内部はとても狭く、入室禁止ですので、外からのぞくしかありません。
ぜひ内部に入って体感したかったなあ。

学生時代に、京都山崎にある、国宝の茶室である妙喜庵待庵(たいあん)には内部に入ったことがあります。

↑散策路は京の風情を感じます。

↑別の茶室「元庵」です。

↑濡れ縁の仕事が丁寧です。黒小竹を木の板と板のすきまに入れて並べています。

↑待合です。ここで茶会の準備ができるまで庭園を眺めながら、ゆっくりと待つ場です。
犬山にいながら、京都旅行をした気分になれました。

愛知建築士会日帰り研修会 名古屋&犬山 その2

昨日のブログの続きです。
昼食後、バスは犬山へ。
犬山城付近で下車し、市内自由研修となりました。
以前から顔見知りの青年委員会の委員長と役員さんたち(みんな年下です)と一緒に回ることにしました。
この研修会の企画運営をしてくれた方々です。
今回、研修会に参加したのは、犬山は古い町並みや建築が残っており、古民家スタイルで設計中の「(仮称)刈谷の家」の設計などに役立つことを期待したからです。
まずは、日本最古の国宝犬山城へ。

日本で4つしかない国宝の城で、今年4月には、4つのうちの松本城を見学しました。その時のブログはこちら。姫路城も見学したことがあり、残るは彦根城です。
犬山城は学生時代に来たことがありますが、ほとんど忘れていました。
ちなみに犬山市の東隣は私の実家のある岐阜県多治見市です。

↑模型が飾ってありました。

↑踏み天井です。天井ふところがなく、上階の床を兼ねています。
「(仮称)刈谷の家」の1階でもこのようにします。
ぶ厚い杉三層パネル(Jパネル)を使い、根太(床支持する角材)を減らして、すっきりさせますが。

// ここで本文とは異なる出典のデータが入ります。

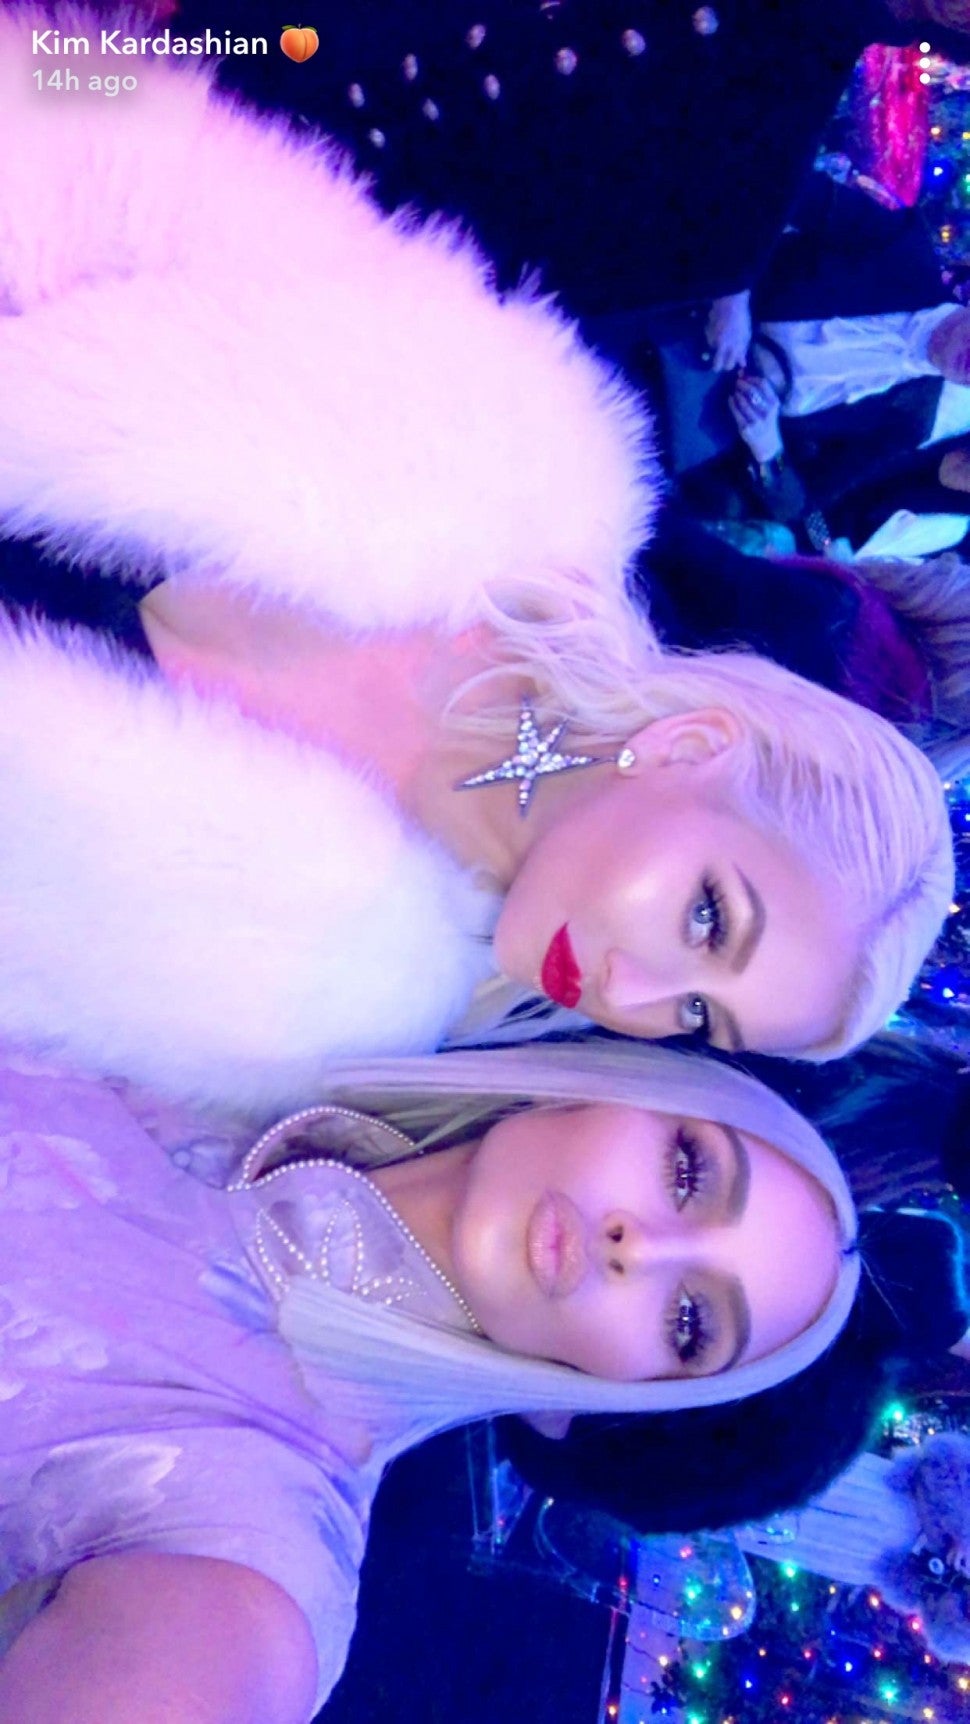 Christina Aguilera and Kim Kardashian on xmas eve

↑屋根の野地板と垂木(たるき:野地板を乗せる屋根勾配方向に設置した角材)が見えます。
外観で見られる屋根の反りが、内からも分かります。

↑他の部分の野地板と垂木の見える天井です。
「(仮称)刈谷の家」の2階でもこのようにします。
先日のお施主様の打合せで、この写真をお見せし、「この垂木はごつすぎるから、普通の垂木サイズとし、間隔を細かくして増やそう」ということになりました。

↑美しい垂木です。

↑最上階に上ると脇を流れる木曽川がよく見えます。
松本城のように大きい城ではないですが、がけの上に建っているので、かなりの高さになります。
手すりが低くて、近くに寄るとかなり怖いです。
次回に続く。

愛知建築士会日帰り研修会 名古屋&犬山 その1

先日、私が所属する愛知建築士会岡崎支部の研修会があり、名古屋と犬山へ行ってきました。
大型観光バスをチャーターして、日帰り旅行の気分です。
去年も同じ時期に研修会があり、出席しました。
その時のブログはこちら
まずは、東邦ガスのショールームである、「リベナス今池」へ。
千種郵便局のある大きな交差点に建つ、今池ガスビルにあります。
去年もここへ来ました。
最初に料理比較体験をしました。
ガスとIHヒーターで同時に調理して、料理の仕方、時間、出来具合、見た目、おいしさなどを比較できます。
まずはガスならではの調理として、土鍋を使った炊飯をしました。12分で炊き上がります。
その間に、ガスとIH両方のグリルに野菜のホイル焼きプレートを入れました。
さらに、その間にそばめしを作りました。
炒め飯に焼きそばの麺を入れた料理です。
ガスは中華なべを使います。
IHは丸い底の調理器具が使えないので、重いIH用のフライパンを使いました。
なぜ重いかというと、IHは電磁力によって微振動している(フライパンの取っ手を持つと分かります)のですが、軽いと、勝手に動いてしまうのです。
また、磁石がくっつく素材である鉄やステンレスである必要があるので重くなります。
アルミ製も使えるオールメタル対応IHもありますが、20~25%パワーダウンします。
ガスとIH、オールメタルIHの3つで同時にお湯を沸かす実験をしましたが、オールメタルIHはなかなか沸きませんでした。
アルミ製で底にステンレスを貼り付けて軽量化したフライパンも見せてもらいましたが、それでも、重いです。
もう少し軽いものもあるそうですが、ステンレスが薄いので、熱効率がさらに悪くなるそうです。
ガスはなべ振りができ、なべの側面も熱せられるので、水分を飛ばしやすいですが、IHはそれができませんので、フライ返しでひたすらかき混ぜるしかありません。
また、なべの側面の温度は底に比べて上がりません。
調理ができ、土鍋ごはんと、野菜のホイル焼きとそばめしを食べ比べました。
最近の電気炊飯器は直火炊きのうまさを再現しようと高性能化していますが、その目指すところは、この土鍋炊きなのです。
普通のブレンド米を使ったそうですが、おいしかったです。
野菜のホイル焼きは、同じ7分間、調理しましたが、IHは見た目もそうですが、生っぽくて、特に玉ねぎが苦くておいしくなかったです。
味もしみていません。ガスと同じ状態にするまで、さらに7分かかるそうです。
そばめしは、ガスはお米がぱらっとしておいしいですが、IHはべちゃとして水分が残っているかんじです。
味もしみていません。
その後、パンのバター焼きを作りました。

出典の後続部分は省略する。